On the other hand, to study the effect of both controls on the quality of the signal supplied to the grid, a harmonic analysis of the grid current was carried out, as shown in Figure 11.

Figure 11 shows that the total harmonic distortion reached by the proposed PSMC control (Figure 11b) was considerably reduced (THD = 1.25%) compared to the result obtained by CSMC (THD = 3.06%; Figure 11a).

To get a clear view of the proposed control advantages, the previous comparison between the classical sliding mode and the proposed control is summarized in

Table 1. Performance Comparison Between the conventional SMC and the proposed approach for the WECS overtime period.

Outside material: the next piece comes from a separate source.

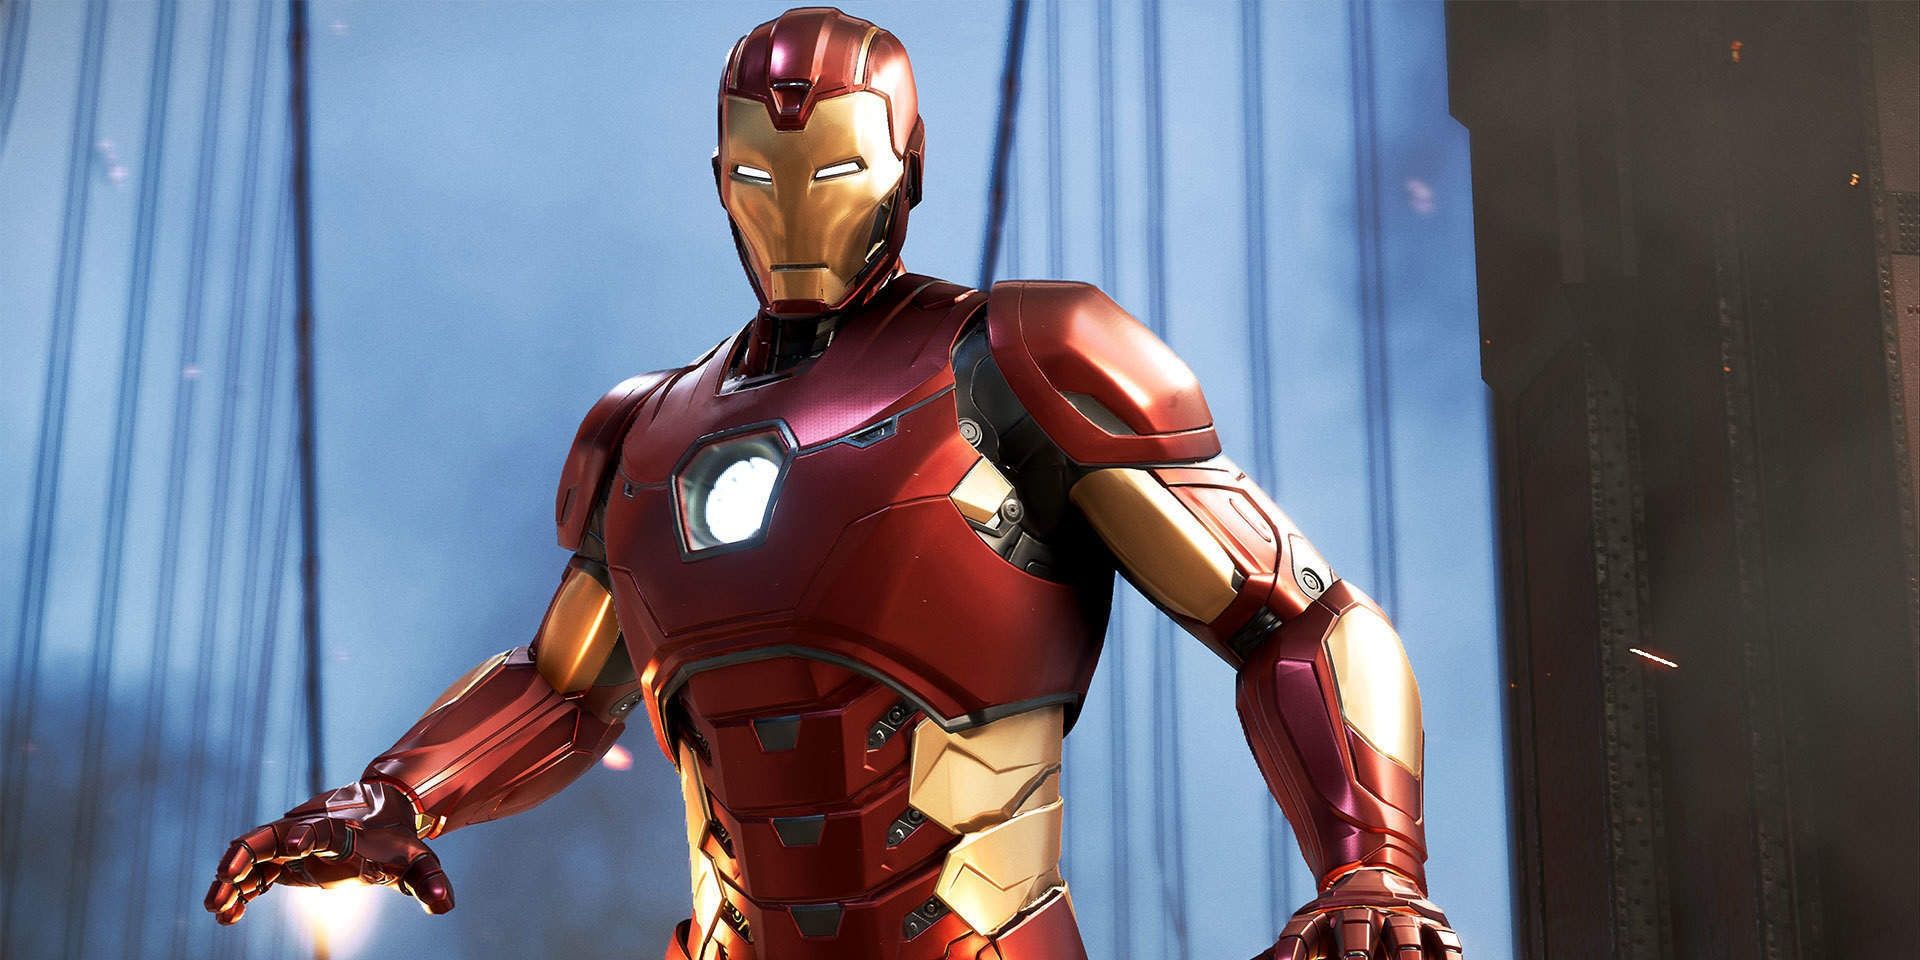 Iron Man from Marvel's Avengers

Performance	CSMC Technique	PSMC Technique
Set-point tracking %	80	99
Error %	0.31	0.15
Response time Vdc (ms)	32	22
Overshoot of Vdc %	0.096	0.05
Variation band of Qr (KVAR)	25	15
Power efficiency (Pr/Pmec) %	99.60	99.75
Power Factor	1	1
THD of injected current (%)	3.06	1.25

. It can be seen from this table that the proposed PSMC technique provides a great performance, which is especially included in the significant reduction in the chattering, good setpoint tracking, small response time, and high quality of the injected current.

A comparison of the results between the developed control and other recent studies is shown in

Table 2. Performance comparisons.

Publication	Technic methods	Efficiency	Error	Overshot	Cosφ	Robustness
[34]	PI neural controller	93.5	0.15%	0%	0.997	Moderate-high
	PI Fuzzy controller	93.99	0.14%	0%	0.974	Moderate-high
[28]	DTC-classical	92.13	0.32%	5%	0.983	Moderate-high
	DTC-GA-based PI	92.07	0.12%	1%	0.978	Moderate-high
[36]	SMC	91.14%	0.3%	-	-	Medium
[37]	Integral SMC	92.45%	0.2%	-	-	High
[38]	Fractionalorder SMC	98.6%	0.3%	-	-	High
Proposal technique	PSMC	98.99	0.12%	0%	0.995	High

. Although the error is minimized compared to [36,37], the biggest advantage of this control is the significant efficiency, and the overshoot was reduced compared to [28]. Comparing the cosφ of this study with [34] and [38], it is remarkable that the cosφ was increased in a very significant way for the controls proposed.

5. Conclusions

This work provided a robust sliding mode control based on a unique smooth continuous function approach to cope with the chattering problem associated with the conventional sliding mode control (CSMC). The control approach is applied to a variable wind speed based on a permanent magnet synchronous generator. Moreover, the finest MPPT control approach combined with a pitch angle control was carried out to limit the power extraction above the rated wind speed and to insure wind turbine safety. The performance of the proposed PSMC was validated using a simulation test under varied wind speeds in the MATLAB/Simulink environment. The simulation data and the comparative analysis demonstrated that the recommended control is suitable for a wind power conversion system based on the PMSG variable speed.